Mayor Among 18 Casualties As Gunmen Opened Fire In Mexico’s Guerrero

Guwahati: A mayor, his father and 16 other people were dead after gunmen opened fire  indiscriminately in the state of Guerrero in southern Mexico,as per the authorities.

Milenio television reported late on Wednesday that state attorney general Sanda Luz Valdovinos had claimed that 18 people had died and two more had been injured in the hamlet of San Miguel Totolapan.

She claimed that among the dead were the town’s current mayor, Conrado Mendoza, and his father, a former mayor. Images from the scene showed a civic hall covered in bullets.

A congressman was shot and killed in Cuernavaca city, south of Mexico City, later that day in the neighbouring state of Morelos.

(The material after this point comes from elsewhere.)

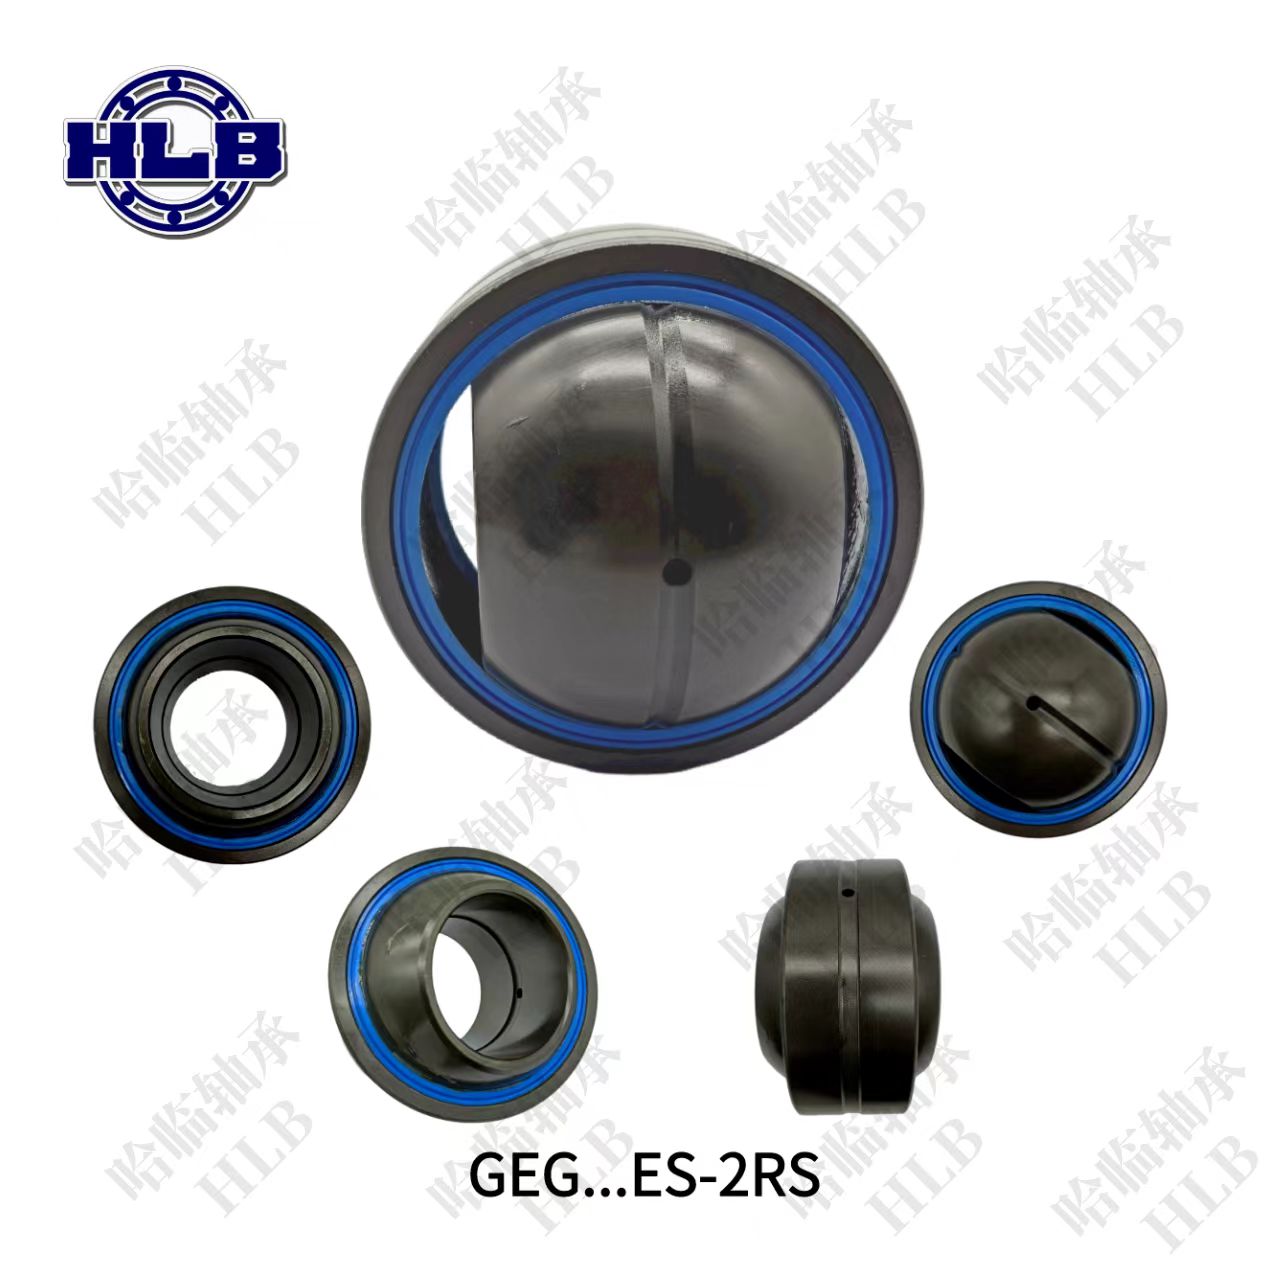 spherical plain bearing GEG...ES-2RS

The attacks occur at a time when President Andrés Manuel López Obrador’s security plan is being heavily criticised and contested. He has attributed the majority of the blame for bringing down Mexico’s high levels of violence to the armed forces rather than the civilian police.

One of Mexico’s most violent regions is San Miguel Totolapan, a secluded hamlet in Tierra Caliente that is contested by numerous drug trafficking gangs.

In order to secure the release of other prisoners held by the local “Los Tequileros” gang, Totolapan residents kidnapped the mother of the gang boss in 2016.

State Deputy Gabriela Marn was tragically shot by two armed individuals on a motorbike in Cuernavaca as she got out of a car, according to Morelos State Attorney General Uriel Carmona.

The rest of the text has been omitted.